Sellers are making their way back into the housing market—not everywhere but in some of Canada’s largest cities. Statistical reports for April from local real estate boards showed sharp increases in new listings and inventories in Vancouver, Toronto and Montreal. This could reflect a confluence of sellers that include many who took a pass at the fall market (when demand and prices dipped) in the hope of better outcomes this spring. Some of the sellers could be in distress in the face of high interest rates.

Buyers aren’t taking advantage of this increase in supply. Home resales, for the most part, fell between March and April. Vancouver was the lone exception among major markets where we estimate activity picked up (modestly) last month on a seasonally-adjusted basis. High rates and poor affordability clearly continue to weigh heavily on buyers. We expect such pressure to persist until several rate cuts have been implemented.

Demand-supply conditions eased across the board last month but remained balanced in most of Canada. Several Prairies markets—including Calgary and Edmonton—still strongly favour sellers.

Home prices picked up slightly in all major markets. The MLS Home Price Index in Toronto, for instance, rose sequentially for the third month in a row, albeit at a moderating rate. We think a vigorous, sustained recovery won’t take shape until interest rates fall meaningfully—something we peg for the second half of 2024.

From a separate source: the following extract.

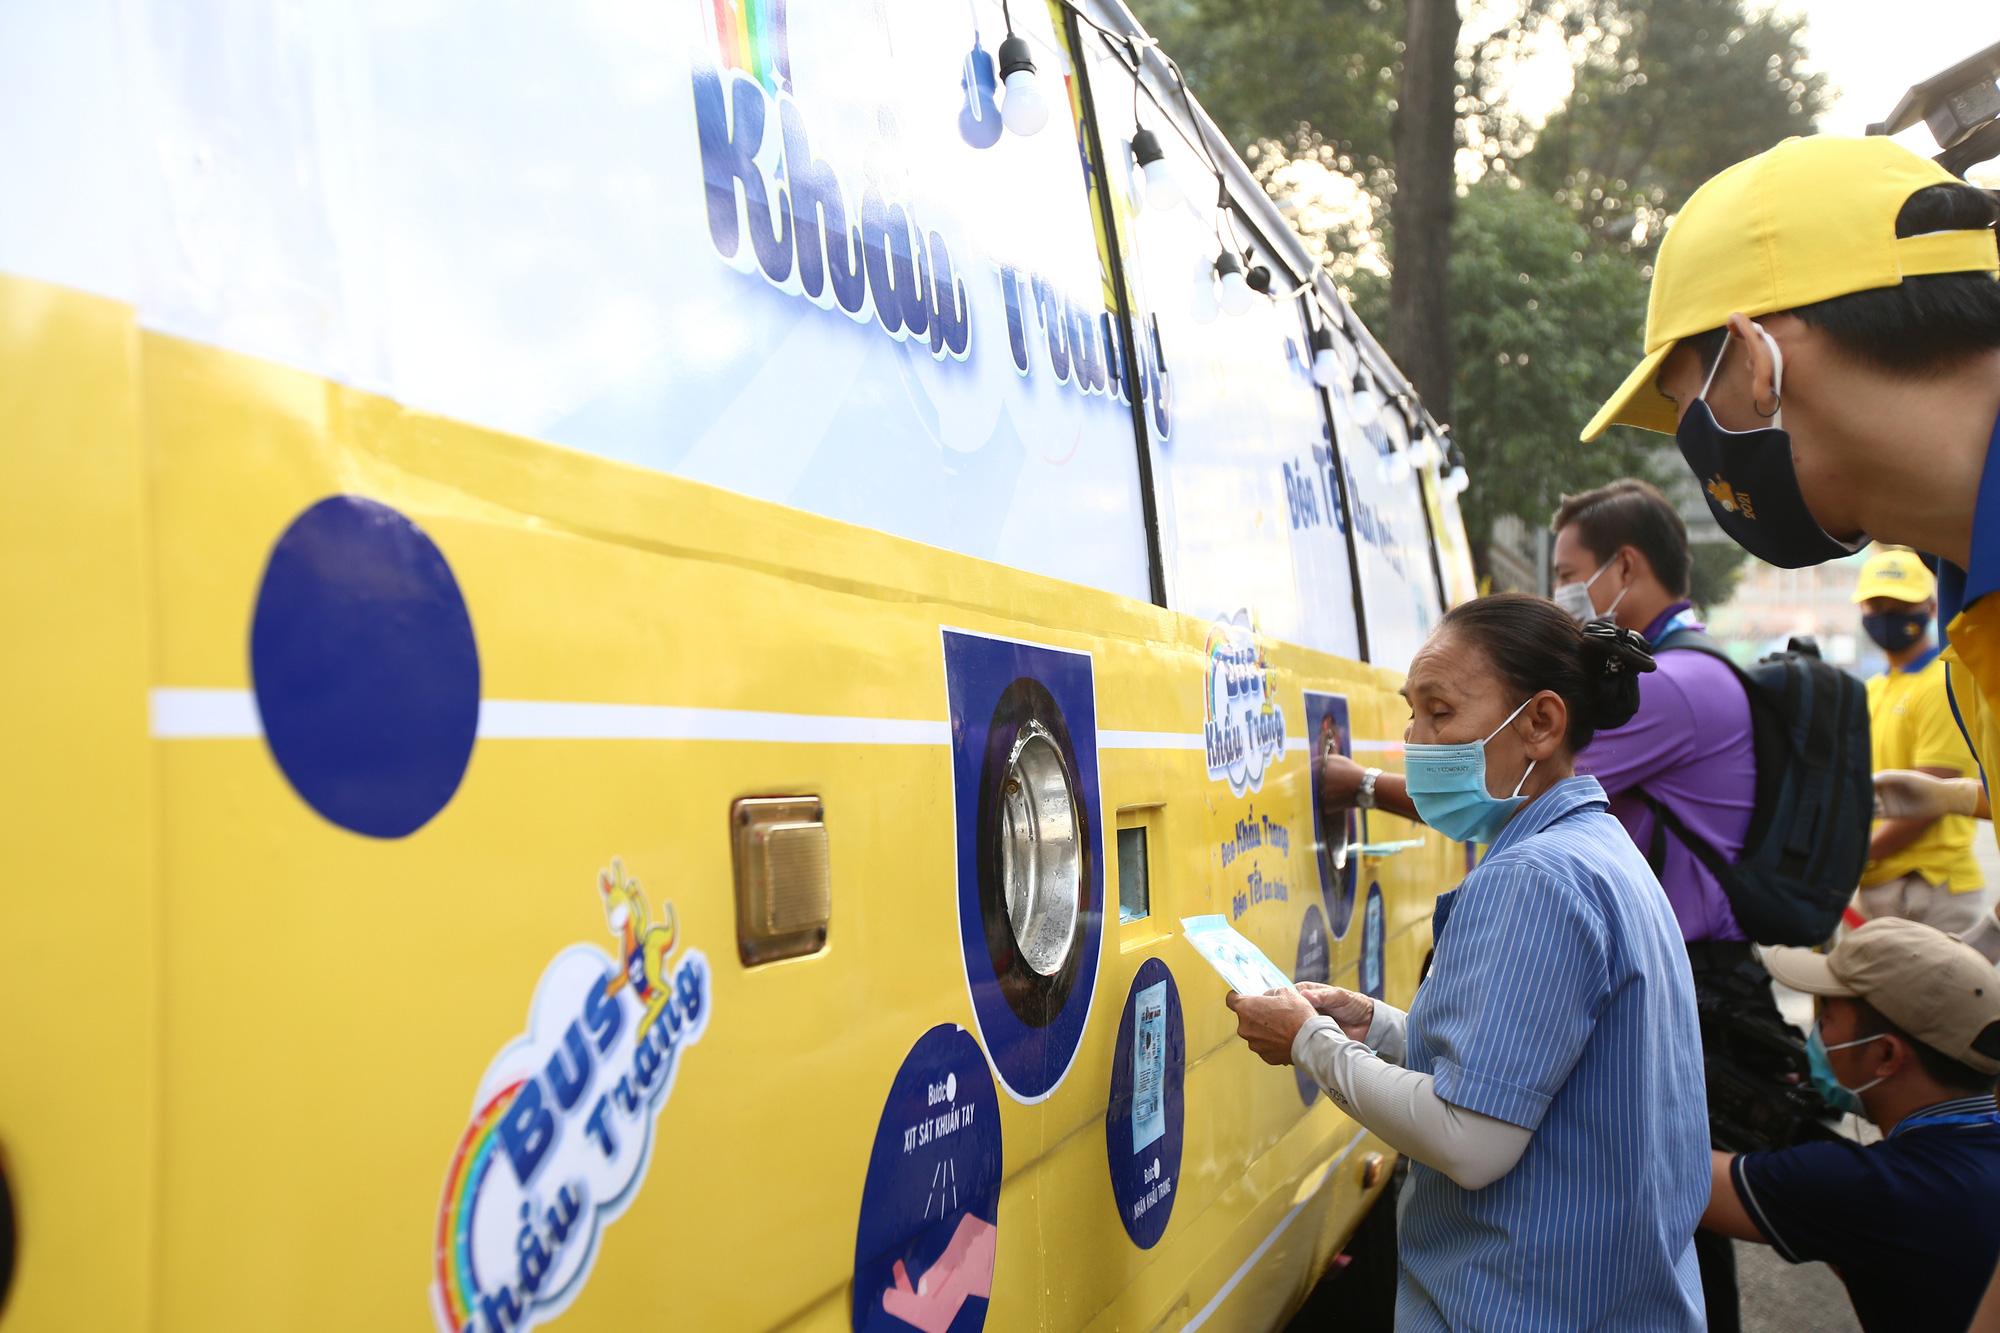 TP.HCM: Xuất hiện chiếc xe buýt vàng khè phát khẩu trang miễn phí như ATM gạo - Ảnh 1.

Toronto area—Spring market stays cool

The spring market has yet to warm up with home resales slipping back-to-back in March and April. The 3.4% m/m drop in April (seasonally-adjusted) occurred despite a solid 5.9% increase in new listings offering more purchasing options for buyers. This eased demand-supply conditions for the second time in three months, tilting the scale in buyers’ favour. Property values still managed to slightly appreciate, though. The Toronto area’s MLS HPI inched 0.4% higher m/m in April, marking the third-straight monthly gain. Zooming out of the last few months, prices can best be described as stagnant. At $1.1 million, the benchmark price in April stood 1.0% lower than it was a year ago. We expect high interest rates and overstretched affordability will keep the recovery in resales and prices slow and possibly bumpy in the coming months.

Montreal area—A bump on the road to recovery

The market rally lost steam in April. We estimate home resales fell 5% m/m (seasonally adjusted) last month, following successive advances totaling 21% since November. Activity began to recover more than a year ago but hit some bumps along the way. April could just be another bump. There’s still a long road ahead for home resales returning to pre-pandemic levels—some 30% gap. High interest rates are no doubt still holding back potential buyers at this stage. But historically low inventories may also be restraining the flow of transactions, keeping demand-supply conditions relatively tight. Home prices resumed their ascension this year after a bout of softness in the fall. Single-detached homes so far are seeing the strongest price gains, with the median value up 7.5% in the past three months. The median condo price increased only 2.7% over the same interval. The rate of increase slowed in April for both housing categories, which we see as a sign that prices will flatten in the coming months before re-accelerating later this year once interest rates have come down meaningfully.

Vancouver area — Seller influx boosts inventories

A sharp increase in properties offered for sale was the market’s highlight in April. We estimate new listings grew 15% m/m (seasonally adjusted). The increase was significantly larger relative to a year ago at 65%. This material influx boosted active listings to their highest level since September 2020. With buyers seeing more supply to choose from, are they taking the plunge? Some of them did last month. By our calculations, home resales rose 5% m/m in April. But that left most of the new supply unspoken for—loosening demand-supply conditions. Home prices have been essentially flat so far this year. The annual rate of increase in the MLS HPI even decelerated slightly in April to 2.8% from 4.5% in March. Any further rapid supply increase would exert downward pressure on prices. Affording the purchase of a home is extremely difficult in Vancouver and will continue to be a major constraint for buyers.

Calgary — Tight supply, strong demand

Supply is running short in Calgary and it’s restraining activity. Active listings have sunk near decades lows this year, which makes it harder for buyers to find properties that meet their needs and budget. New listings continued to drift lower in April. They fell sequentially for a fifth consecutive time based on our own a seasonally adjustment calculations. Supply constraints may have capped off activity but they did so at a historically high level—more than 50% above pre-pandemic level. So despite some stagnation, Calgary remains Canada’s housing hotspot. The annual rate of increase in prices is close to double-digits (9.9% in April) and by far the strongest among the country’s bigger markets. We see little that will change this solid picture in the near term. Housing demand remains exceptionally strong in the area, fueled by tremendous population growth.